*THE DATA*.
# # # # #
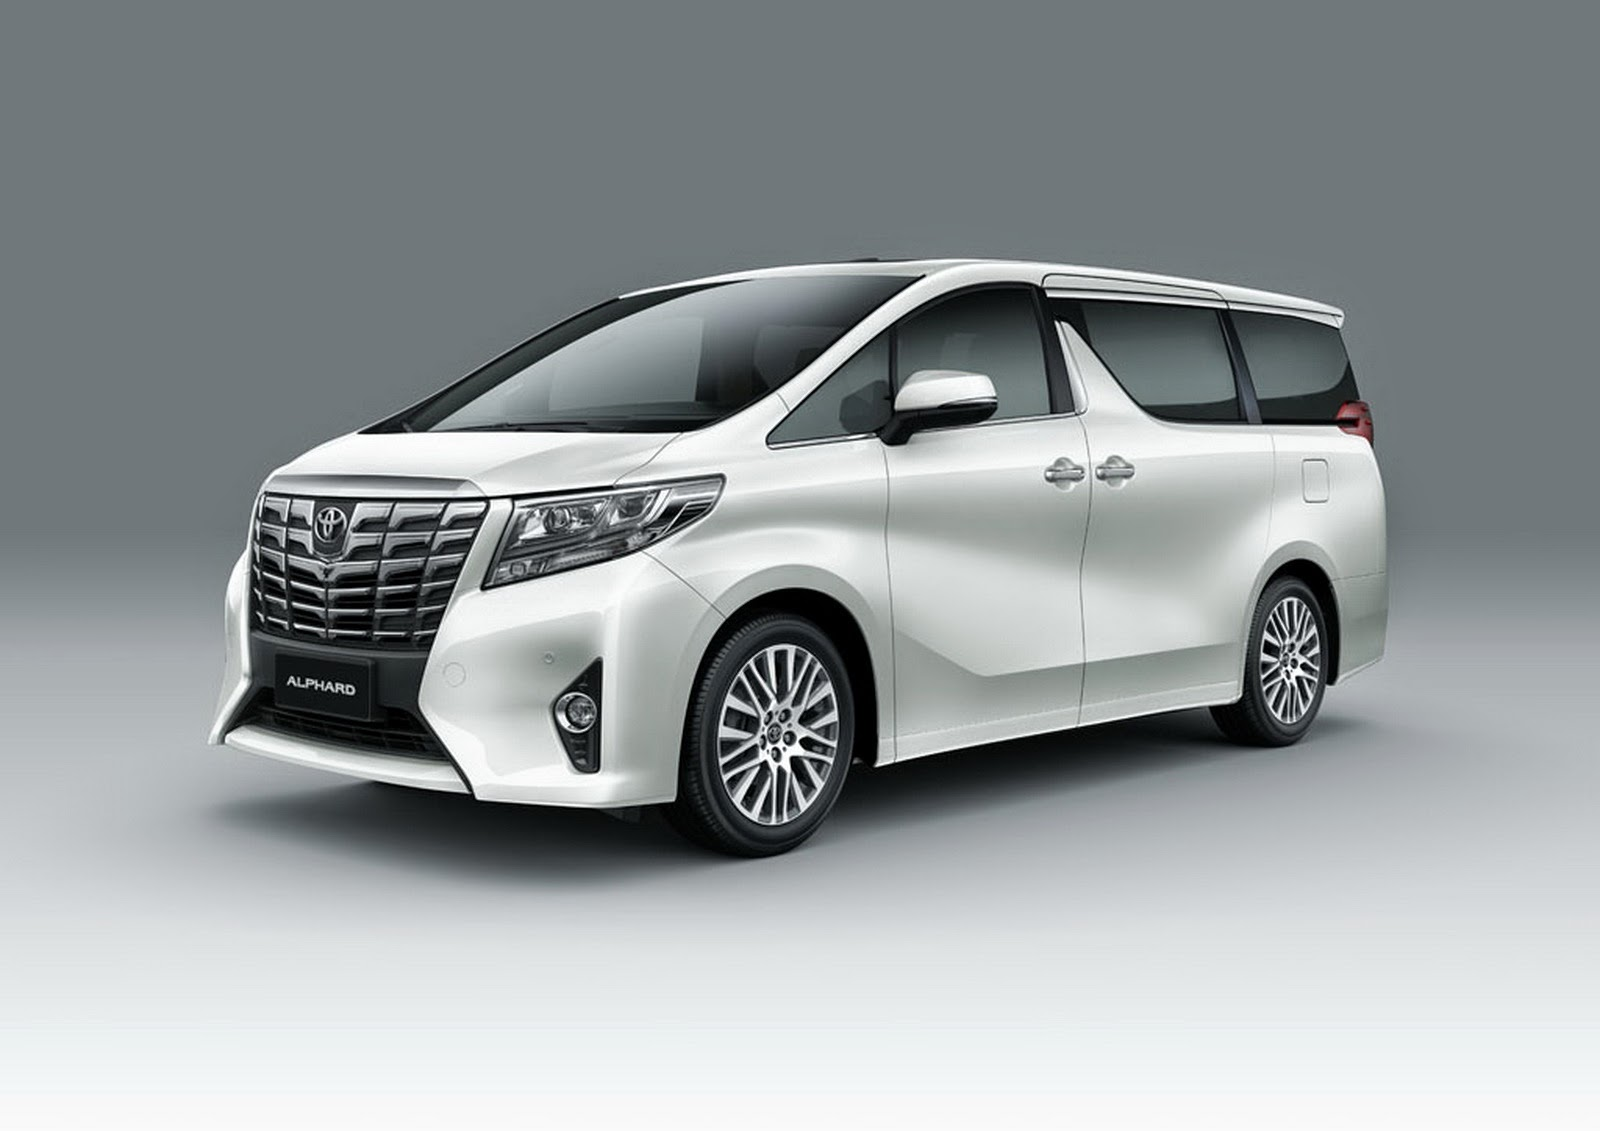 Alphard Toyota
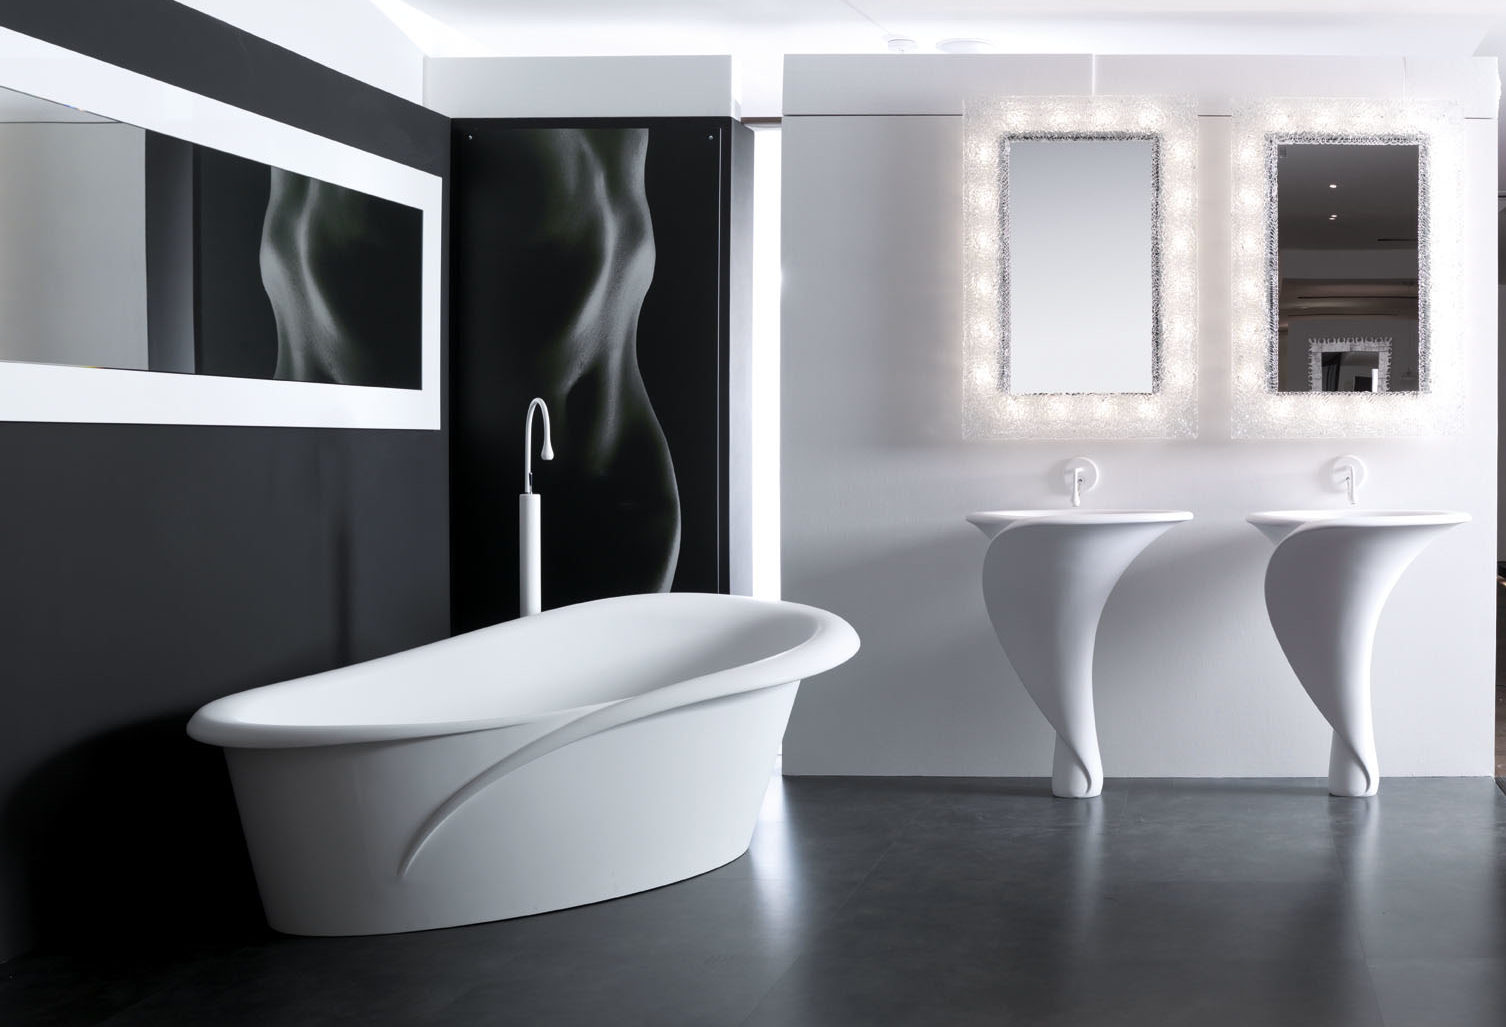 Bathroom furniture,bathroom cabinets - 17991R11 BIS 2 e1608196806960
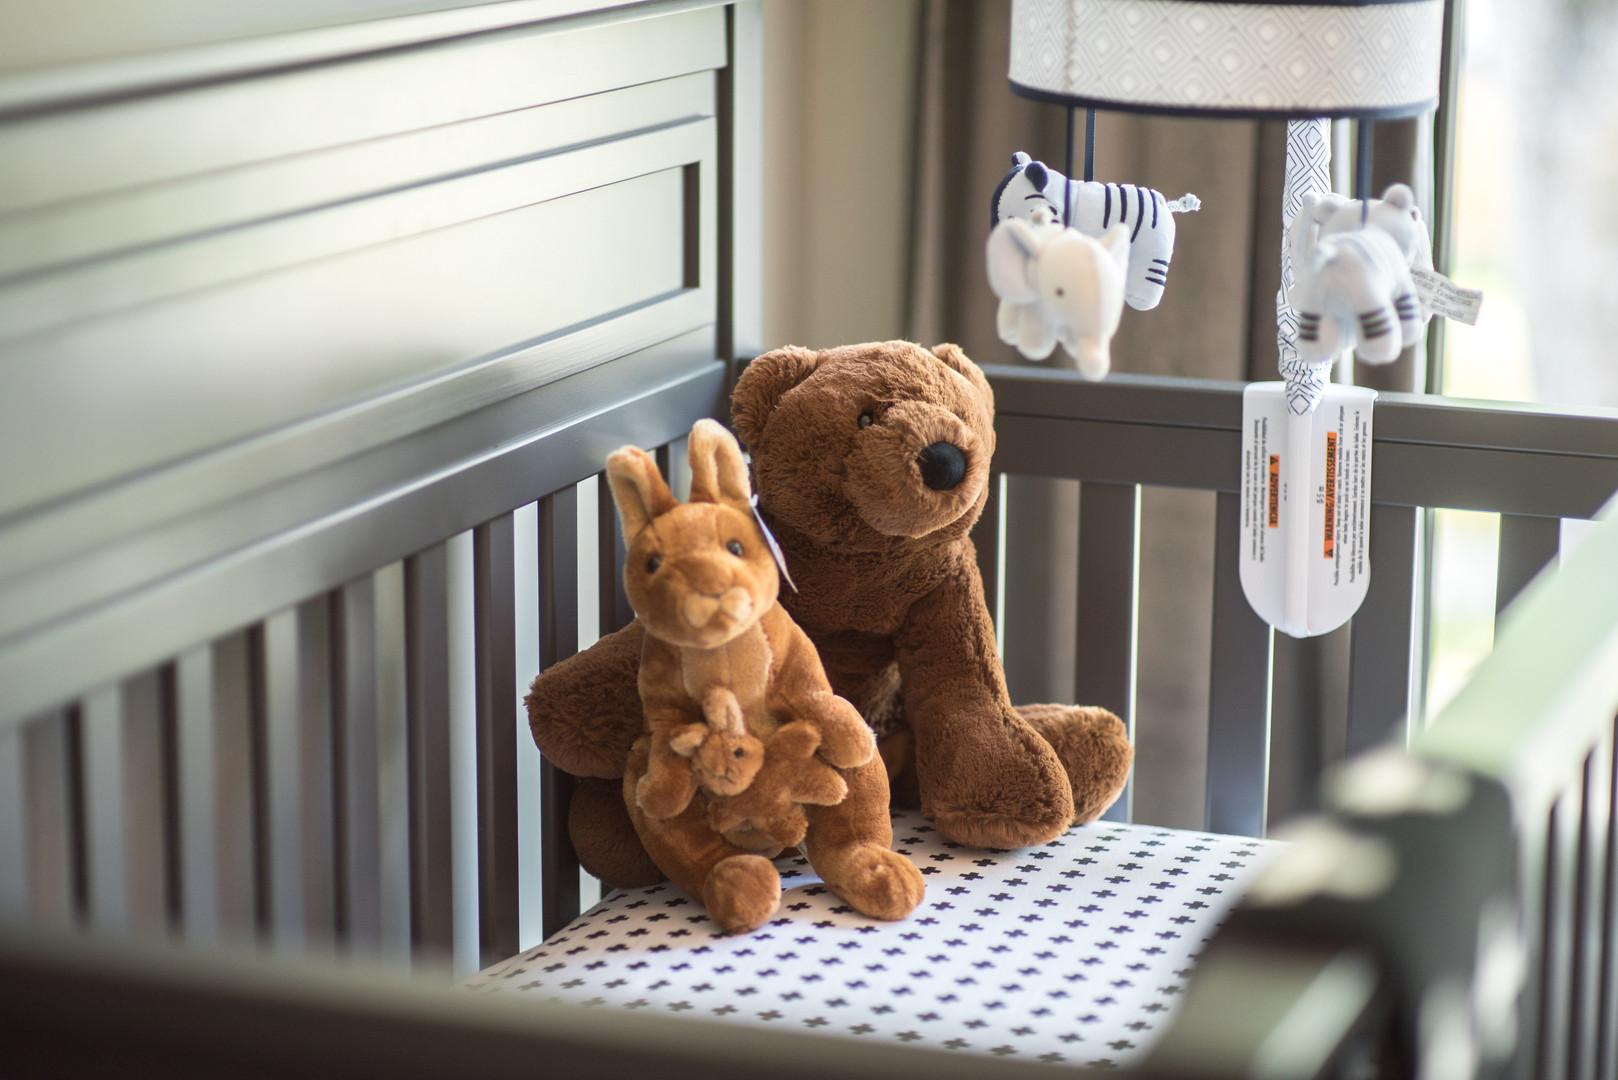 Nursery Crib & Toys
# # # # #
*THE PROBLEM*. Using the material above, restate word for word the lines from the line that has "Bathroom furniture,bathroom cabinets" to the last line, inclusive, with pictures omitted.

*TASK SOLUTION*.
 Bathroom furniture,bathroom cabinets - 17991R11 BIS 2 e1608196806960
 Nursery Crib & Toys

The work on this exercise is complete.